**Task statement:** In the material below, find the line containing "UGG Girls T" and the line containing "Natuzzi Leather Recliner Sofa". Output those two lines and all lines between them exactly, without pictures.

**Input data:**
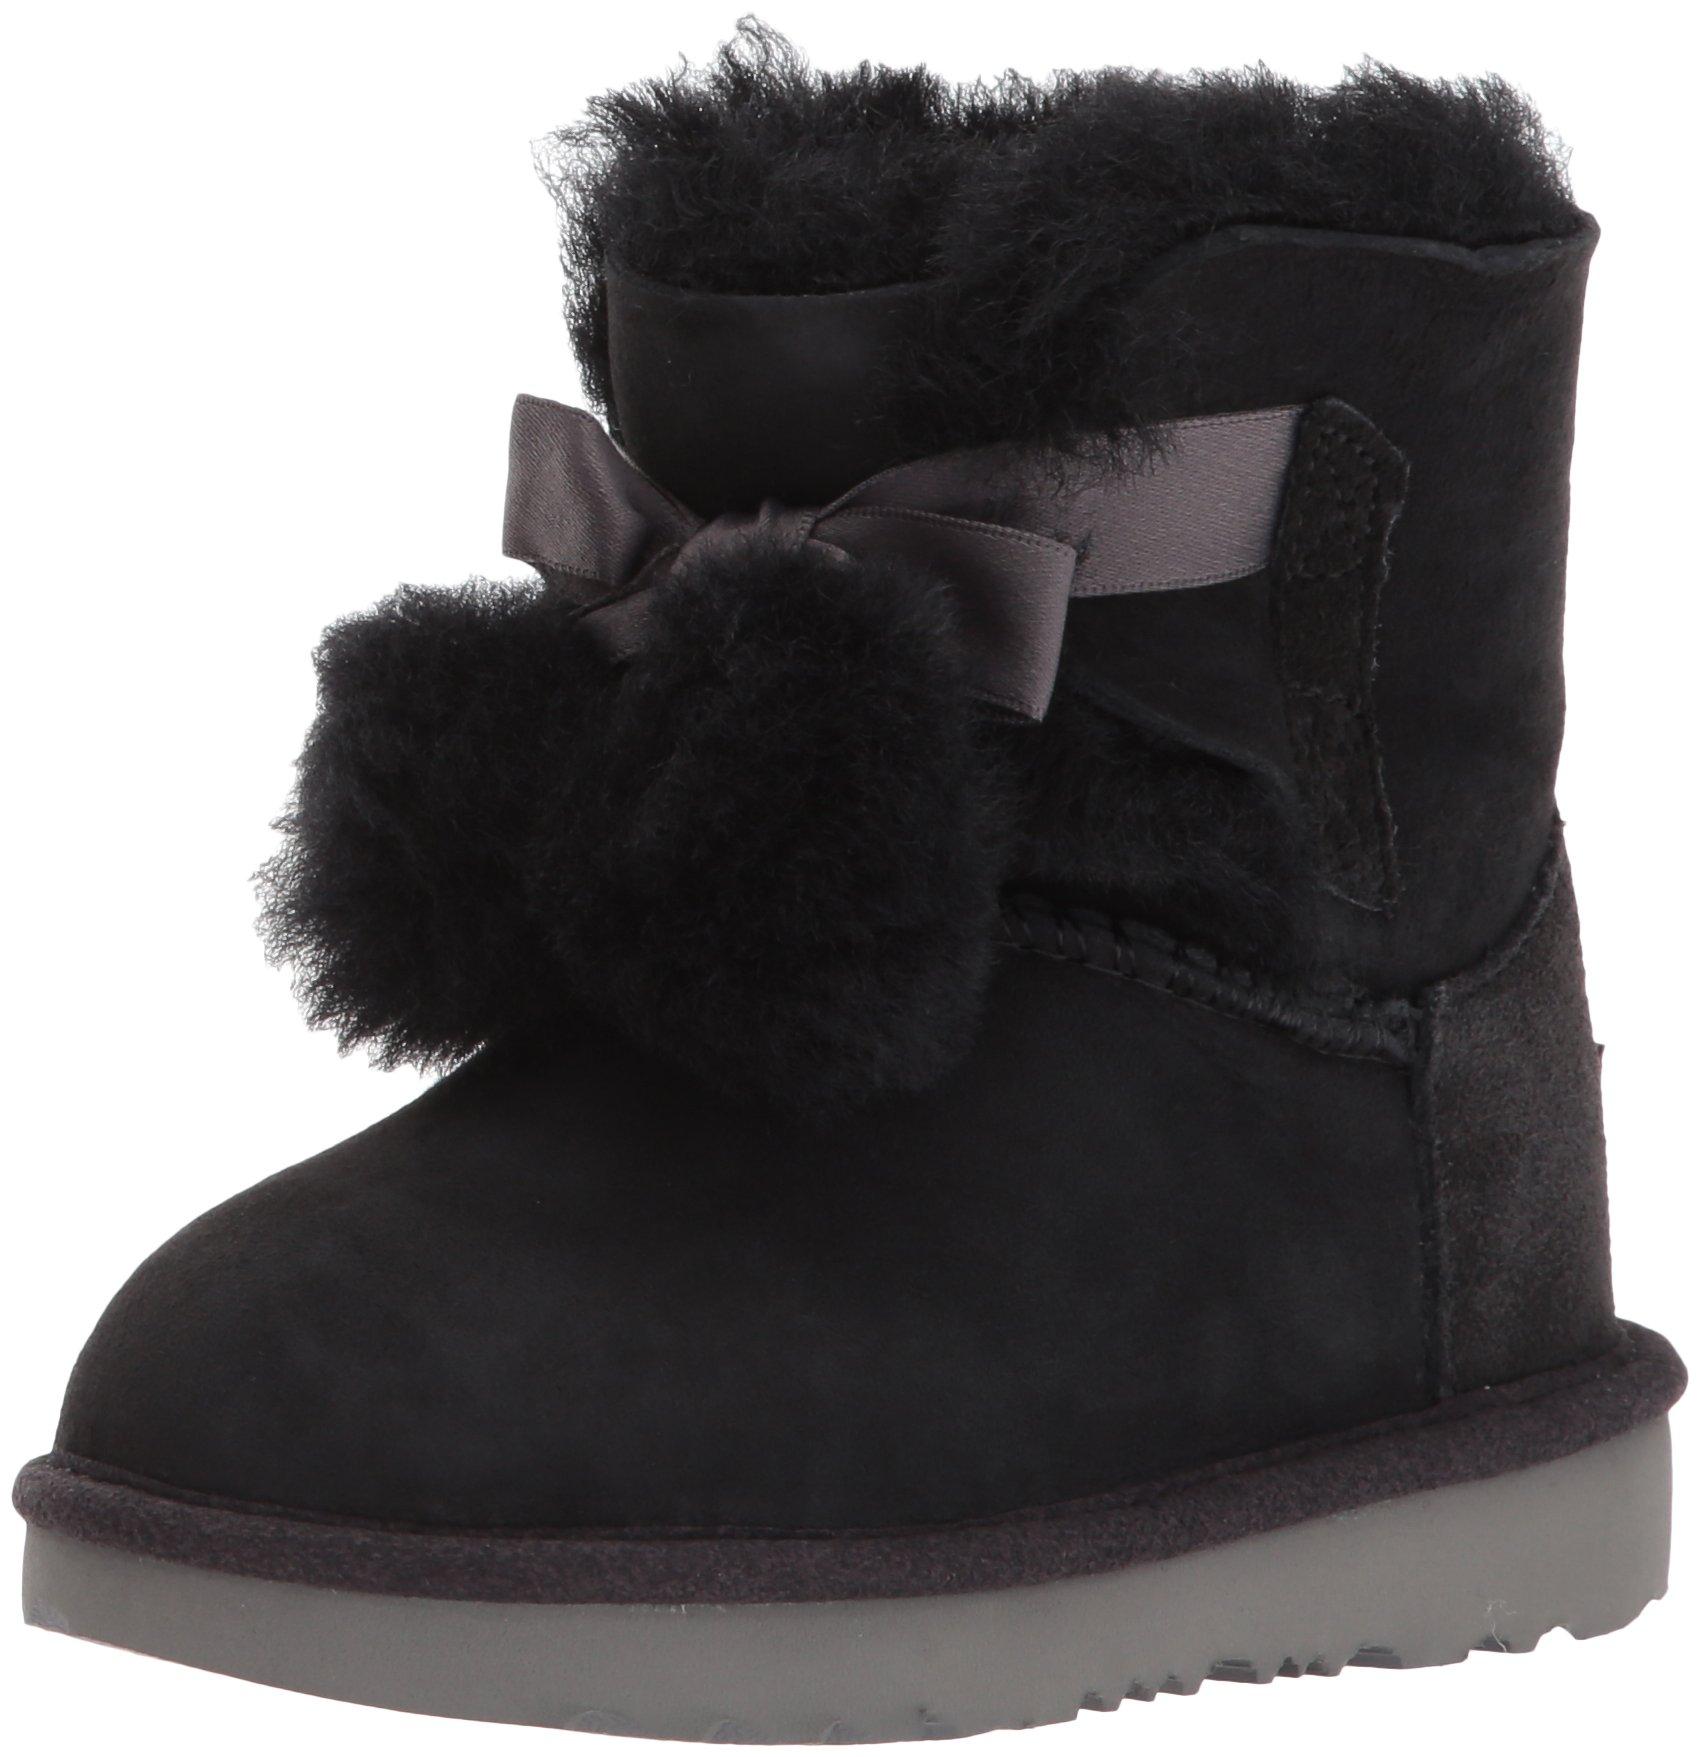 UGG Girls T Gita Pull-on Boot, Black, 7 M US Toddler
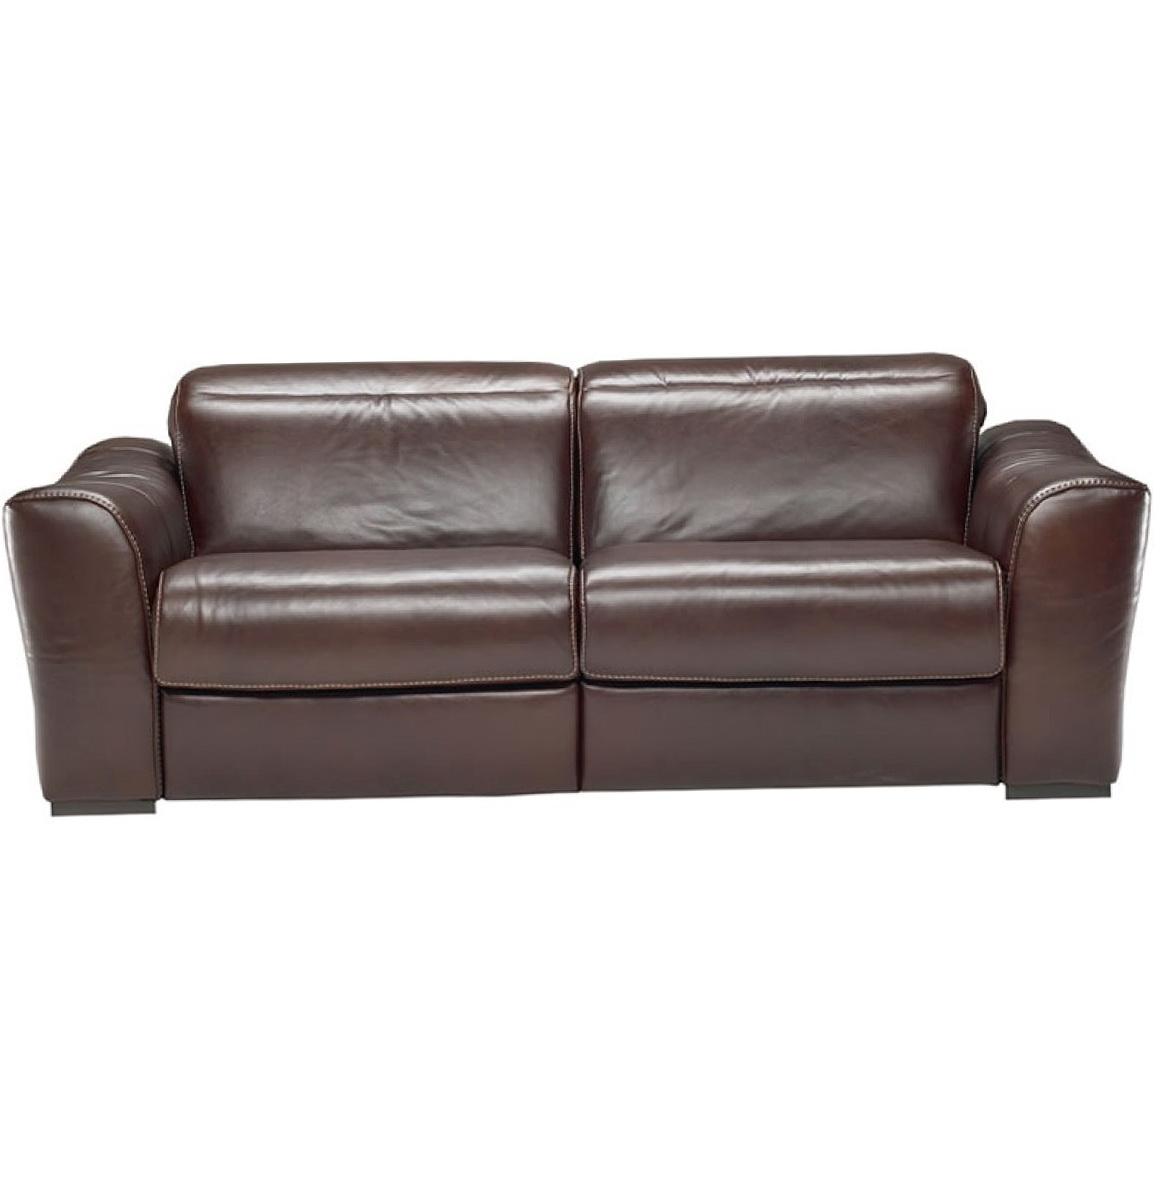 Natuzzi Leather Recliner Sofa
--
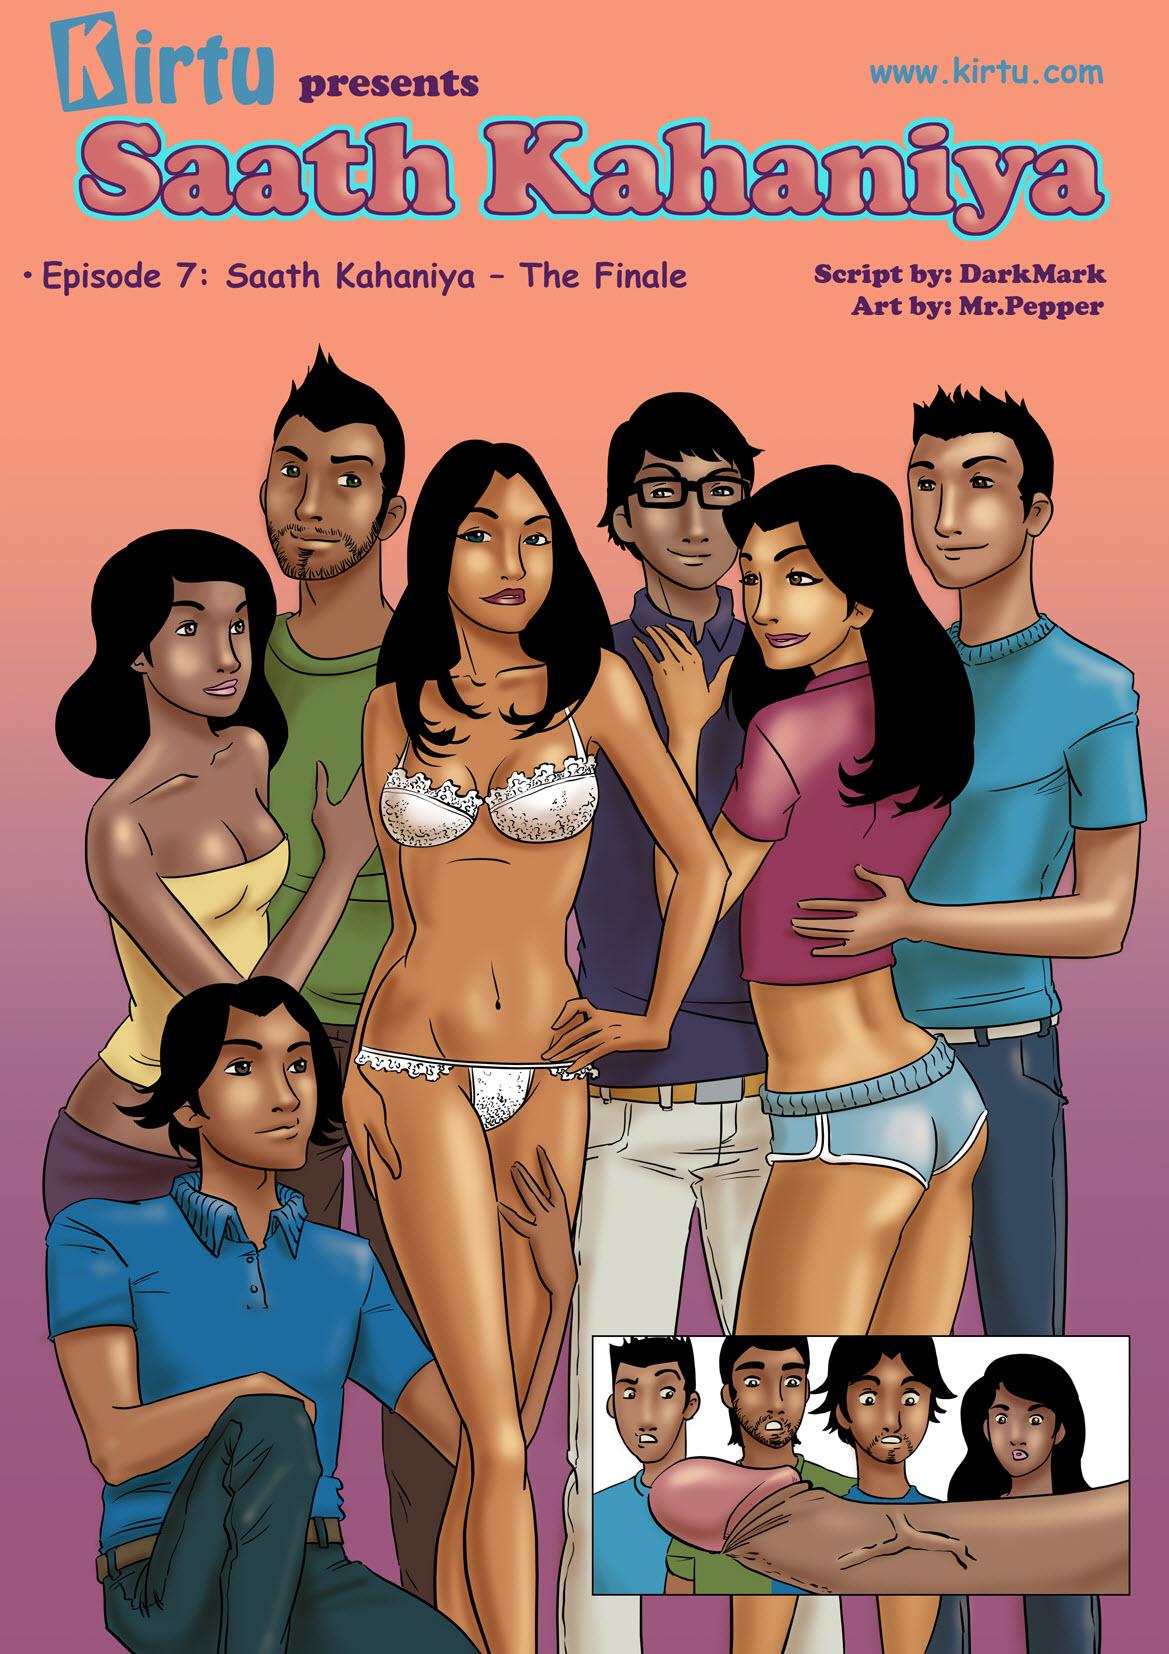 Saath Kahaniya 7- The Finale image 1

**Written solution:**
 UGG Girls T Gita Pull-on Boot, Black, 7 M US Toddler
 Natuzzi Leather Recliner Sofa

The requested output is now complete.